* Exercise
Repeat exactly the lines of the entries below from the one with "Pantofi sport/adidasi Nike" through the one with "Nike Cı9981-006 Downshifter", both ends included, and nothing else.

[Stored data entries]
........

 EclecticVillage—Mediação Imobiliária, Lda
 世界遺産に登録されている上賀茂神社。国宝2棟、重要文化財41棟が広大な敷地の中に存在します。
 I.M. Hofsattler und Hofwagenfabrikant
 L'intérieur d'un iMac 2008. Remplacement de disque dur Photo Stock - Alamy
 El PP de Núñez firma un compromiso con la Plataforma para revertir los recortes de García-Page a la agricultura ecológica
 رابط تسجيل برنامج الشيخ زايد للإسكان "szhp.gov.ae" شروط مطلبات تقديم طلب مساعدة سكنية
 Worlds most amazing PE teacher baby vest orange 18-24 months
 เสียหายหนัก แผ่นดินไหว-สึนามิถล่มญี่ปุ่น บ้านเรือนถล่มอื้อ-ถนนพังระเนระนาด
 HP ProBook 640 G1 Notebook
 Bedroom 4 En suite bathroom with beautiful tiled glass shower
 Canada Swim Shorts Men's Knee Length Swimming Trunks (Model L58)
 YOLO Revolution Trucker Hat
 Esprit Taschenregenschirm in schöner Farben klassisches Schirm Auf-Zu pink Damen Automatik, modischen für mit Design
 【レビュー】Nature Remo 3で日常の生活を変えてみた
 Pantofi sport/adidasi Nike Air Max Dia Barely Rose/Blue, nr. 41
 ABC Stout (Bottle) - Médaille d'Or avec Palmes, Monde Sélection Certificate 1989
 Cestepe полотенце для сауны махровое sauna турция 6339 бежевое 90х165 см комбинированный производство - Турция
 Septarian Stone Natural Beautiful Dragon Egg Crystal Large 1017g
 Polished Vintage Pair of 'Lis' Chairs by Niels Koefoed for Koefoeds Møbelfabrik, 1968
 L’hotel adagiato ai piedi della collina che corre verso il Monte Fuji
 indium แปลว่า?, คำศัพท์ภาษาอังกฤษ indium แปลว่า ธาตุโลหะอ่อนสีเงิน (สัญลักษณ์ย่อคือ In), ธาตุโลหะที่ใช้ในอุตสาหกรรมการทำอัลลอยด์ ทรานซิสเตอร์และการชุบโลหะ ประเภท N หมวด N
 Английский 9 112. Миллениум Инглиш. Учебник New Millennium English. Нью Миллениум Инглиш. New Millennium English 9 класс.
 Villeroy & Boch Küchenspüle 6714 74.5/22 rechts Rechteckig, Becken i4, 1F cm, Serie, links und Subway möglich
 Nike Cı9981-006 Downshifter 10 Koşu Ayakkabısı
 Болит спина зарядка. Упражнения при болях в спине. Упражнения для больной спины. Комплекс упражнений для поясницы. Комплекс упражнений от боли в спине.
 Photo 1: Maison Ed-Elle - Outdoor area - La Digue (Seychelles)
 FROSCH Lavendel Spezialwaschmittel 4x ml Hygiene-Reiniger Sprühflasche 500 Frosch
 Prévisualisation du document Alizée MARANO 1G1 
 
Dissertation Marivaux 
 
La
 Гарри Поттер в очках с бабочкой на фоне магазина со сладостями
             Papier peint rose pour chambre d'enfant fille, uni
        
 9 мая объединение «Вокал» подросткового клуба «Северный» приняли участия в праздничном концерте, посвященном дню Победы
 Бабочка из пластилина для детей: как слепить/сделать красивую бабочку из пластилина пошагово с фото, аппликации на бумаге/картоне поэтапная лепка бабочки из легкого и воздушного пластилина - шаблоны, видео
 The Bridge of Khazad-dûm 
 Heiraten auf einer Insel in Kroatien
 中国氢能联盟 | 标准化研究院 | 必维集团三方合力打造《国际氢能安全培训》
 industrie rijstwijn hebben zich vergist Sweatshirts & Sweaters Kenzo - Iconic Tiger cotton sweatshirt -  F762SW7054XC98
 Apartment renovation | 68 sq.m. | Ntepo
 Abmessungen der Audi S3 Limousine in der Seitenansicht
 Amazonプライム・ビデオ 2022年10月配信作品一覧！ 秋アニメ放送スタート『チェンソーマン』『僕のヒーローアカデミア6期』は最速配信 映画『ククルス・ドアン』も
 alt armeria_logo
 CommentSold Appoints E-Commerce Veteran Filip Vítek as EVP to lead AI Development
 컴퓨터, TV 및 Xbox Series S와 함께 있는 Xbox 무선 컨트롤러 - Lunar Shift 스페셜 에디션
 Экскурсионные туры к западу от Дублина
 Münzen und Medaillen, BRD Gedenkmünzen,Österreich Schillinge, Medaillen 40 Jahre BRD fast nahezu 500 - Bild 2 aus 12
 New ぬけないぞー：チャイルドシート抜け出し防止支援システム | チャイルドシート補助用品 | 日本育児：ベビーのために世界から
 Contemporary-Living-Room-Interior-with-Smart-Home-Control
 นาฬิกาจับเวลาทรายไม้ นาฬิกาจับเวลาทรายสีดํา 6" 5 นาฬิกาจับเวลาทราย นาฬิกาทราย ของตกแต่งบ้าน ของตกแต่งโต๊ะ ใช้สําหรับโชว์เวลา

........

* Your solution
 Pantofi sport/adidasi Nike Air Max Dia Barely Rose/Blue, nr. 41
 ABC Stout (Bottle) - Médaille d'Or avec Palmes, Monde Sélection Certificate 1989
 Cestepe полотенце для сауны махровое sauna турция 6339 бежевое 90х165 см комбинированный производство - Турция
 Septarian Stone Natural Beautiful Dragon Egg Crystal Large 1017g
 Polished Vintage Pair of 'Lis' Chairs by Niels Koefoed for Koefoeds Møbelfabrik, 1968
 L’hotel adagiato ai piedi della collina che corre verso il Monte Fuji
 indium แปลว่า?, คำศัพท์ภาษาอังกฤษ indium แปลว่า ธาตุโลหะอ่อนสีเงิน (สัญลักษณ์ย่อคือ In), ธาตุโลหะที่ใช้ในอุตสาหกรรมการทำอัลลอยด์ ทรานซิสเตอร์และการชุบโลหะ ประเภท N หมวด N
 Английский 9 112. Миллениум Инглиш. Учебник New Millennium English. Нью Миллениум Инглиш. New Millennium English 9 класс.
 Villeroy & Boch Küchenspüle 6714 74.5/22 rechts Rechteckig, Becken i4, 1F cm, Serie, links und Subway möglich
 Nike Cı9981-006 Downshifter 10 Koşu Ayakkabısı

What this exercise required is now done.